[dns-operations] Akamai now works with ENT (Empty Non-Terminals)?

Jon Reed jreed at akamai.com
Sun Apr 14 13:59:33 UTC 2019

On Sat, 13 Apr 2019, Shumon Huque wrote:

> I do remember hearing from Tale about operational problems that were 
> preventing Akamai from deploying their Empty Non-Terminal response fix, 
> but I must admit I never got around to learning the details. Thanks for 
> the detailed explanation you provided at this link. (I'm on that list, 
> but somehow your note evaded my notice.)

The problem was specifically around the interaction between wildcards and 
ENTs.  Correctly answering ENTs wasn't the hard part, the hard part was 
ensuring that we didn't break existing customer wildcard behavior (which 
because of a lack of ENTs, was not compliant with RFC 4592).

> Now that you've deployed the fix, are you able to share how you 
> addressed the customer expectation problem that you describe? e.g. Did 
> you advise customers not to deploy CNAME records before they are fully 
> provisioned?

The problem I described in the dnsop post wasn't our customers, it was our 
customers' customers.   It put us in the position of having to tell a 
large SaaS provider that _their_ customers were doing the wrong thing, and 
they obviously were not very amenable to hearing that.   In fact, in one 
case, they did move to a competitor that still had the incorrect wildcard 
matching behavior.

> Did you deploy special case code in your nameservers for 
> these services to match wildcards above or parallel to the ENTs, while 
> providing NODATA responses to the ENTs? Or something else?

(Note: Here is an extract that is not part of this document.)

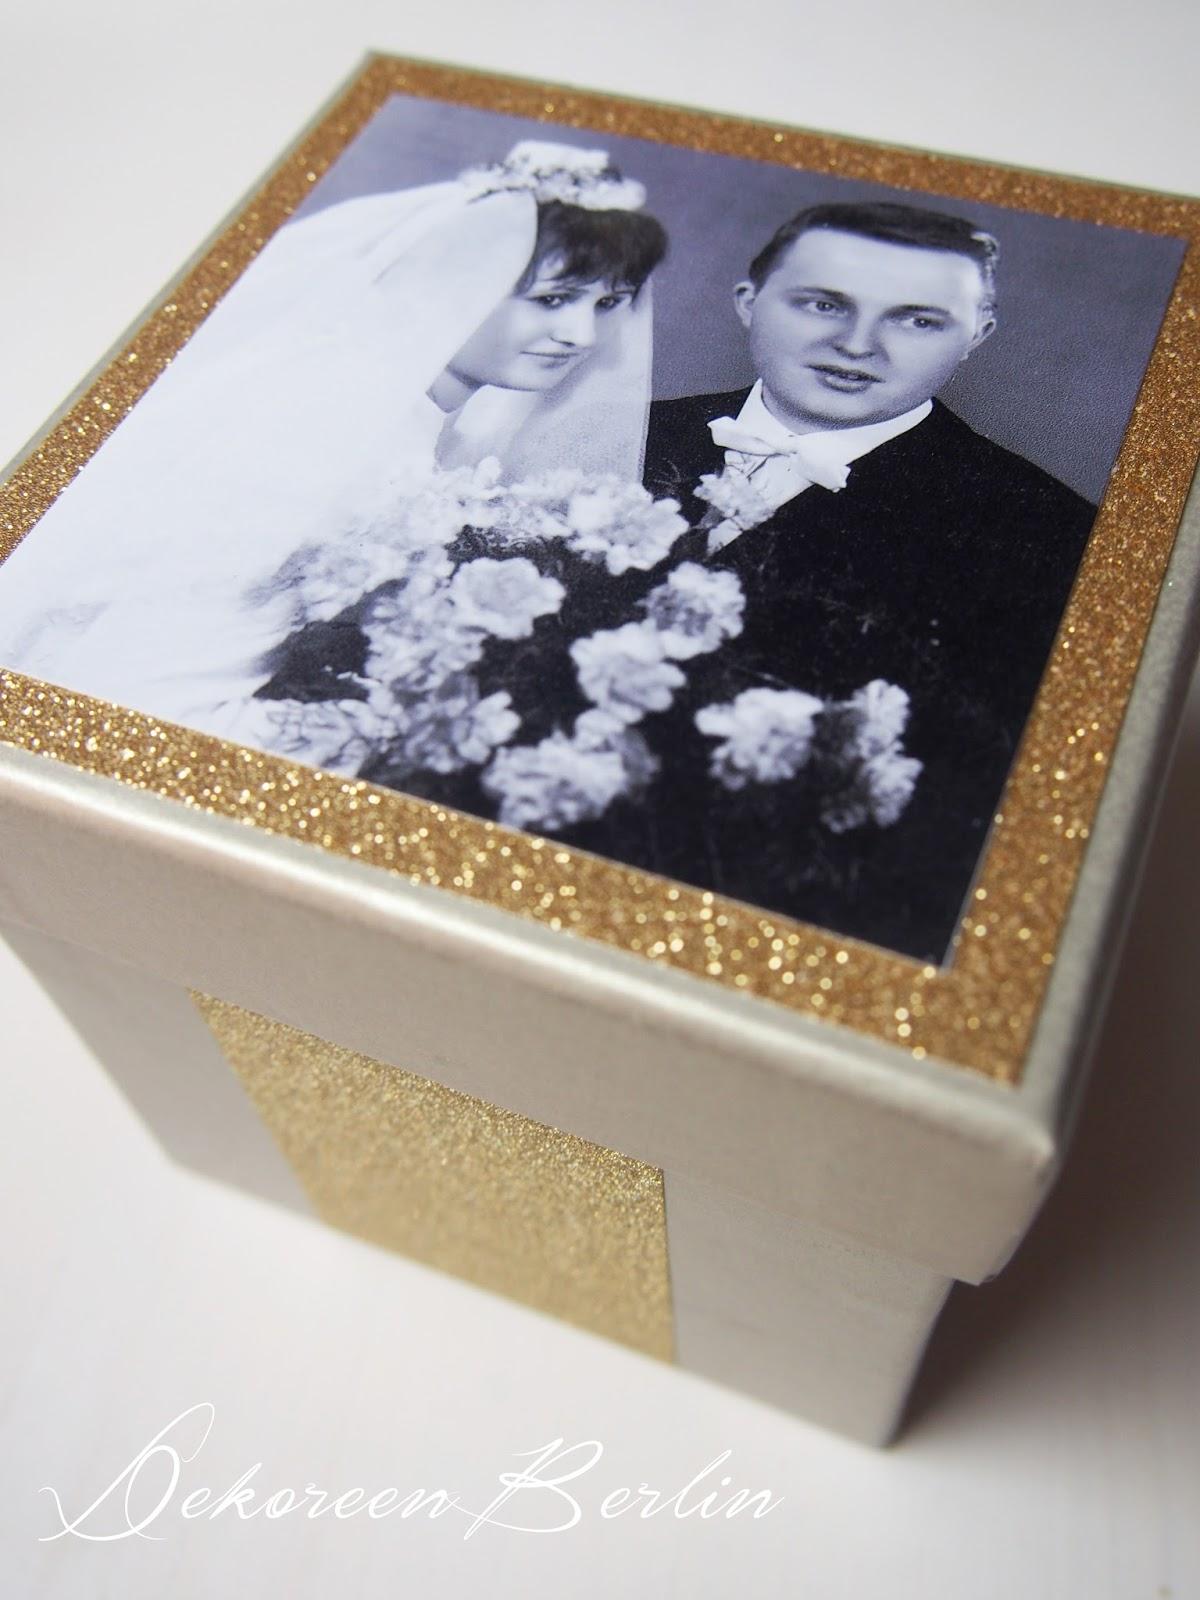 DekOreenBerlin Geschenke zur goldenen Hochzeit

Yes.  We did an exhaustive survey of our zones, tried to infer customer 
intent, worked with our customers where we could, and when we couldn't, 
were forced to develop a new feature that operates in a similar manner as 
the one described.  (I'm not sure how detailed I can get.)
>       At the time, many other large cloud providers also exhibited incorrect behavior around wildcards and empty non-terminals, but I think Akamai was called out specifically at OARC 27 or 28 with
>       this GIF: https://giphy.com/gifs/hero0fwar-caddy-shack-ToMjGpz81S7usvTIM8w
> It was being discussed much earlier actually. I gave this presentation at the Spring 2015 OARC workshop, where I discussed this problem in the context of a qname minimization survey:
> https://indico.dns-oarc.net/event/21/contributions/298/attachments/267/487/qname-min.pdf

Thanks for the link.

> At that time, Akamai and Cloudflare were the main problematic services in a survey of the Alexa top 1000 sites. I notified both of them well before my talk, and Cloudflare had already fixed their ENT
> response behavior by the time of the talk. There were several Chinese CDN providers on the list too - I managed to contact a couple of them, and they informed me they were working on fixes, but I didn't
> follow up and check on their status.

I don't want to get into finger-pointing, but I think the wildcard 
matching issue we encountered was is subtler and harder to detect than the 
examples given in the slides.

Consider the following zone in its entirety:

example.com         IN    SOA    [omitted for brevity]
example.com         IN    NS     ns1.example.com.
*.example.com       IN    CNAME  not-yet-provisioned.example.biz
www.dev.example.com IN    A

When we surveyed other providers at the start of this rollout in 2016, we 
found that a query for "dev.example.com" would correctly return an ENT for 
nearly all of them, which is consistent with your results.

However, for _all but one_ of the providers we surveyed, a query for 
"doesnotexist.dev.example.com" would return the CNAME 
not-yet-provisioned.example.biz.  That is not compliant with RFC 4592 -- 
the correct response is NXDOMAIN (there is no name, and there is no 
wildcard at the closest encloser, which is the ENT dev.example.com).

Further complicating the issue, for those providers that offered DNSSEC 
signing, when DNSSEC was enabled for such a zone, the wildcard matching 
behavior became correct (as it had to be, in order for negative proofs to 
work) and an NXDOMAIN was returned for "doesnotexist.dev.example.com".

I'd like to hear more about your original methodology for determining 
whether a provider correctly supported ENTs or not.  The wildcard behavior 
is hard to infer, because knowledge of the zone contents is required.  In 
our case, we actually provisioned a sample zone on other providers to test 
the wildcard behavior, and found that of the ones we tested, only Verisign 
did the wildcard behavior correctly, at least when we tested this in 2016.

But my larger point was that explaining the concept of wildcards, closest 
enclosers, and empty-non-terminals to our customers was a NIGHTMARE. 
Customers choose cloud providers specifically so they _don't_ have to be 
DNS experts, and it's a non-starter to have a conversation along the lines 
of "Well yes, I know your zone works fine on $OTHER_PROVIDER, but you see 
there are actually hundreds of invisible records in your zone which are 
interfering with your wildcard matching."